To facilitate collaboration between participants and support the collaborative writing of their reports, a two-day writing retreat could be organized in the month following the conference. The participants, much like us (Steve and Véronique), struggled to find time to get together, share ideas, and put their findings on paper (or in any other format that they see fit). Including dedicated time for this essential part of the project would certainly speed up the process and reinforce its importance.  

2) Formalize the project

While the recommendations above are valid on their own, they are also intrinsically linked to and reliant on another one of our recommendations, which is to formalize the project. Early in our discussions with the PCPO team, we suggested that the initiative be offered as a micro-mission or micro-assignment so that it would be perceived as a legitimate development and learning opportunity for participants and their management. The project was indeed presented that way on paper, but the reality was that it was perceived as a side-of-the-desk project for most participants, including the lead ethnographers. Therefore, we recommend to:

a. Create an official micro-assignment or special Canada School of Public Service immersive course

For the lead ethnographers and the project participants, an official registration to a course or project could ensure that appropriate time is set aside to attend training sessions, do the required readings and exercises, attend the conference, and prepare the report. That way, the project could more easily be included in learning plans and Performance Agreements, and would potentially ensure better overall engagement from participants. Indeed, due to operational constraints and conflicting priorities, some participants could not attended all training sessions, or the full 2 days of the conference, and at least one person attended the first training but did not show up afterwards, without ever formally withdrawing from the project.

b. Budget for more out-of-town participants

One person participated remotely, from the Halifax regional office. Her experience provided valuable insights, but as several of the reports show, the Policy Community Conference is a unique, highly sought-after event that is worth experiencing in person. Formalizing the ethnography project could factor in the inclusion of travel expenses for one participant per province, for example. Alternatively, making the project a CSPS special course or micro-assignment would potentially allow interested non NRC participants to request that their department fund their participation to the conference.

c.
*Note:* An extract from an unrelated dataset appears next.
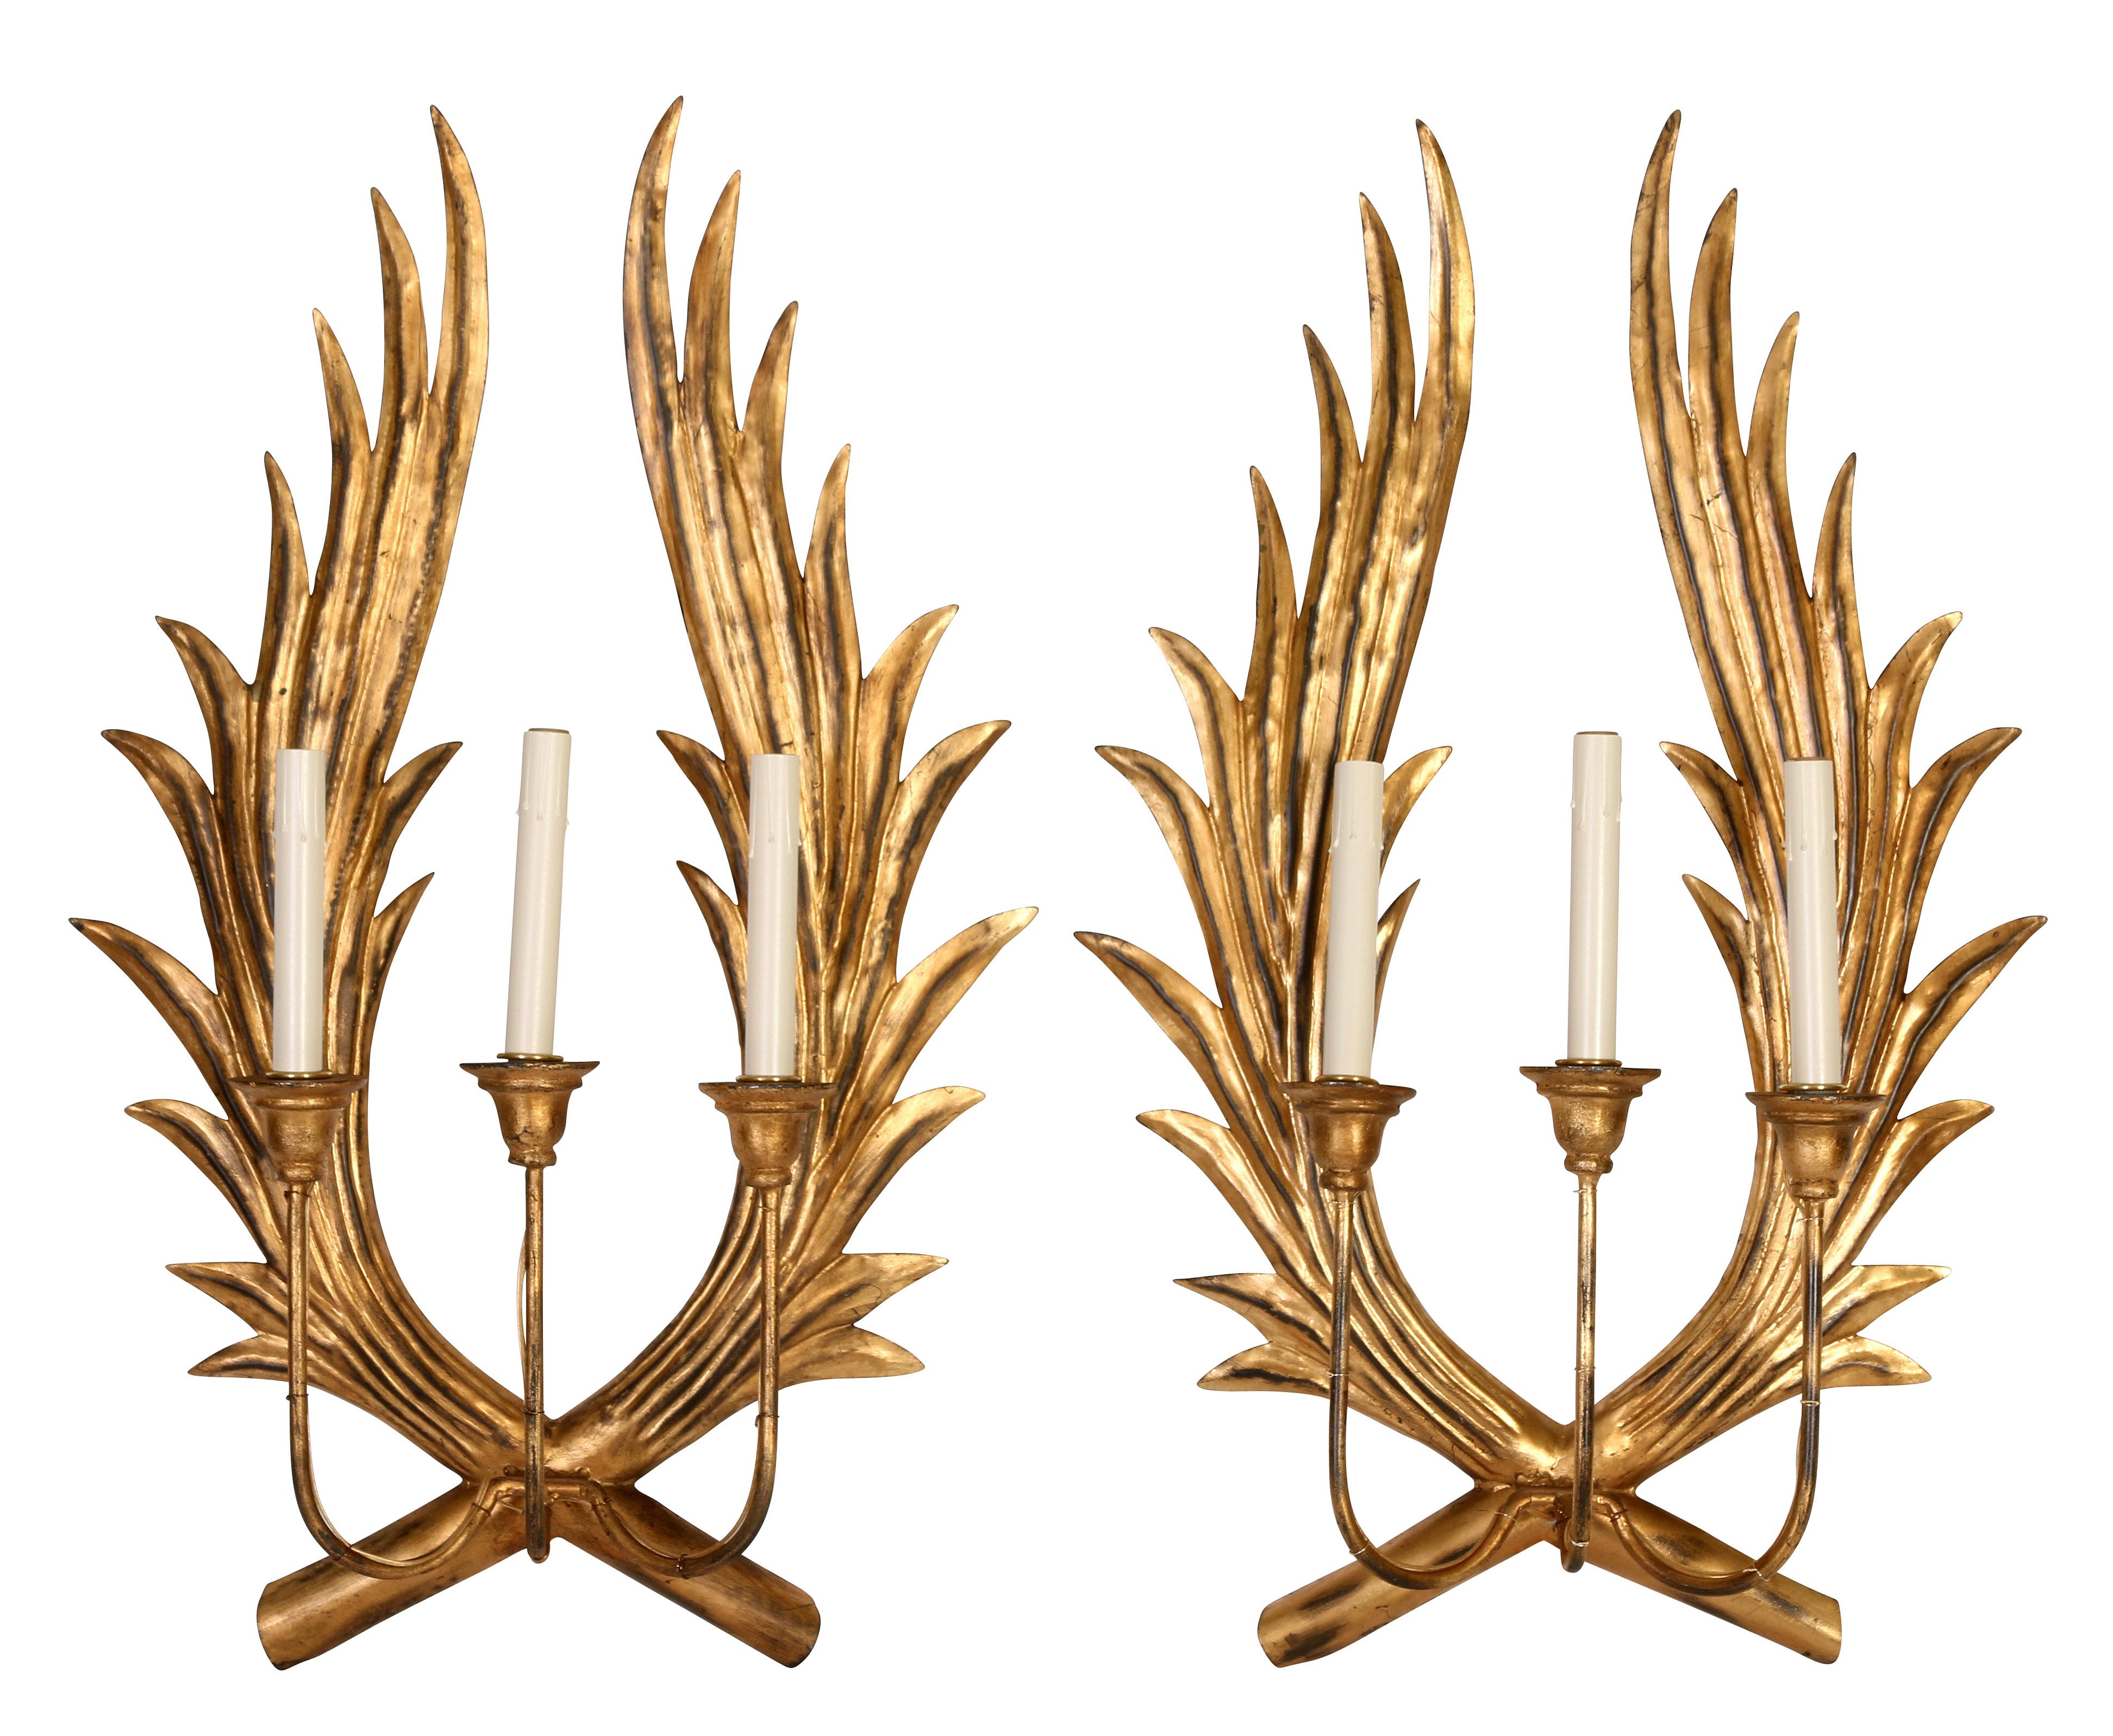 Ein Paar ungewöhnlicher und auffälliger vergoldeter Wandleuchten aus Metall mit sich kreuzenden Zweigen oder Flügeln, die drei Arme tragen. Eine dramatische Art, Licht in einen Eingang, ein Esszimmer oder ein Badezimmer zu bringen!

Recognize participants’ involvement

Lastly, we would like to suggest that the PCPO team formally recognize the people involved in the project through a Certificate of Participation or Completion.

In addition, we would recommend that the PCPO and/or the Policy Community Co-Champions communicate with the lead ethnographers’ respective director general and assistant deputy-minister to thank them for allowing Steve and Véronique to get involved in the project.  
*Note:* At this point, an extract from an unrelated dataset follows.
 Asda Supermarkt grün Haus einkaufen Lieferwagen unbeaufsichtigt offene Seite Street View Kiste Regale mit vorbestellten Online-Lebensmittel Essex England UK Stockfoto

3) Clarify communication and leadership structure

Ideated by the PCPO team, the content of the ethnography project was designed by the lead ethnographers, Steve and Véronique. This process of co-creation was overall successful, but could be improved by:

a. Clarifying the channels of communication

At the beginning of the project, and especially from the moment the call for participants went out until the first training session, communications were all led by the PCPO team, which resulted in several back and forth between applicants and us, and sometimes delay in responding. Making the lead ethnographers the main points of contact with the applicants/participants from that early stage would have facilitated the process and eased the burden on the PCPO team.

b. Establishing leadership

The ethnography project was framed as an experimentation and process of co-creation between PCPO and the lead ethnographers. Maybe due to the fact that we were recruited shortly before the project took off and that we were designing and refining it as we went, at times it felt like there were many cooks in the kitchen. Consideration could be given to clarify the roles and responsibilities of each participants from the onset.